Catalonia’s official quest for independence from Spain was squashed by the country’s constitutional court Tuesday, temporarily ending the long-simmering separatist movement towards total autonomy.

Spain’s central government has now taken direct control of the Catalonian government, sacking more than 100 officials, chasing its former president to Belgium and attempting to restore order to the region.

Catalonia’s bid for succession has placed Spain in its worst political crisis since the 1970s. To gain a better understanding of this complex situation, ASU Now turned to Jeffrey Kassing, a professor of communication studies in Arizona State University's School of Social and Behavioral Sciences who teaches an annual study-abroad class in Catalonia.

Man in green shirt
Jeffrey Kassing

Question: Can you give us some historical context why Catalonia wants succession from Spain? 

Answer: There are several key reasons. First, Catalans see themselves as distinct culturally from the rest of Spain. The history of Catalonia as a European nation state predates modern Spain by several centuries. In fact, Catalonia was a thriving economic/Mediterranean power from the 12th to 15th centuries, which spanned from Barcelona to Naples, Sicily and Athens. Catalonia has its own language derived from Latin that achieved status similar to Spanish, French and Italian during the development of Europe.

Second, there is a history of repression against Catalonia, with their language and government institutions being banned on several occasions. This was particularly evident during Franco’s rule from the late 1930s through the 1970s.

Q: Is there a financial subtext for Catalonia wanting its own government?

A: Catalonia currently and historically has maintained a robust economy. Many Catalans feel that the level of taxation the region incurs does not match the resources re-invested in Catalonia.

Spain would suffer economically if Catalonia would depart. Thus, there is support for keeping Catalonia as part of Spain.

Q: How do Spaniards outside of Catalonia feel about this issue? 

A: My impression is that most Spaniards are quite dismissive of the Catalan independence movement. It is not well understood outside of Catalonia, particularly if people do not know the region’s history.

Catalans have a strong cultural identity that is lost on Spaniards generally. This takes the form of maintaining traditional festivals, dances and games as a key part of their culture through active participation in these activities. So their cultural practices aren’t simply folklore that exists in books and museums but rather something that is enacted routinely in public displays. For example, human tower building, or castells, is a unique Catalan sporting tradition. It is practiced widely throughout the region, routinely put on display at festivals and even has a biannual competition that draws the best teams, large crowds and a televised production.

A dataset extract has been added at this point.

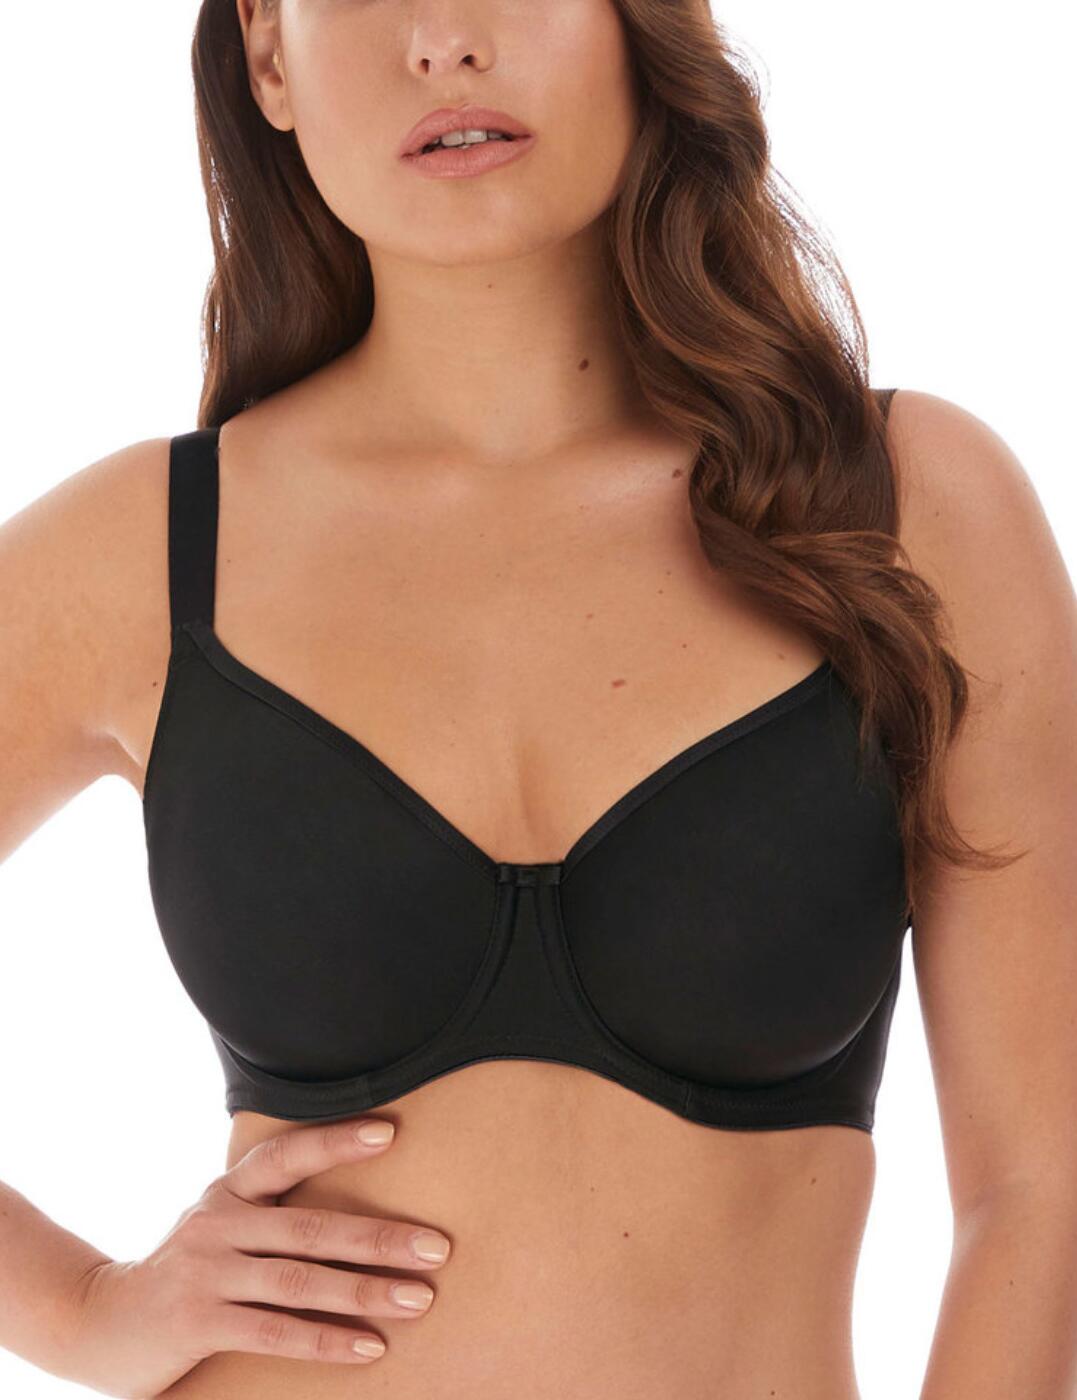 Bra Review - Fantasie Smoothing Moulded Strapless Bra (4530)

Q: Speaking of sporting traditions, does the role of soccer play a part in this?

A: Yes. FC Barcelona (FCB) has a long and clear association with Catalonia. The team badge carries the Catalan flag on it as does the collar of the team’s jersey. During the Franco regime the stadium was one of the few places large groups could gather. Thus, it became a place where one could go and show their Catalan identity. Although finding itself in a tenuous place at the moment, the club has historically embraced its role and place as a representation of Catalan identity.

Catalan flag

A fierce rivalry exists with Real Madrid, the capital club and one that has become synonymous with Franco’s regime and the Spanish state. The rivalry is littered with stories and myths about the advantages Real Madrid received over the years in relation to FCB. So the rivalry between these clubs has mirrored and paralleled the perspective that Catalonia has been persecuted and disadvantaged by the Madrid-based centralized Spanish government.

Q: What do you teach in your class about Catalonia, and what is the work that you do give clarity about this complicated region?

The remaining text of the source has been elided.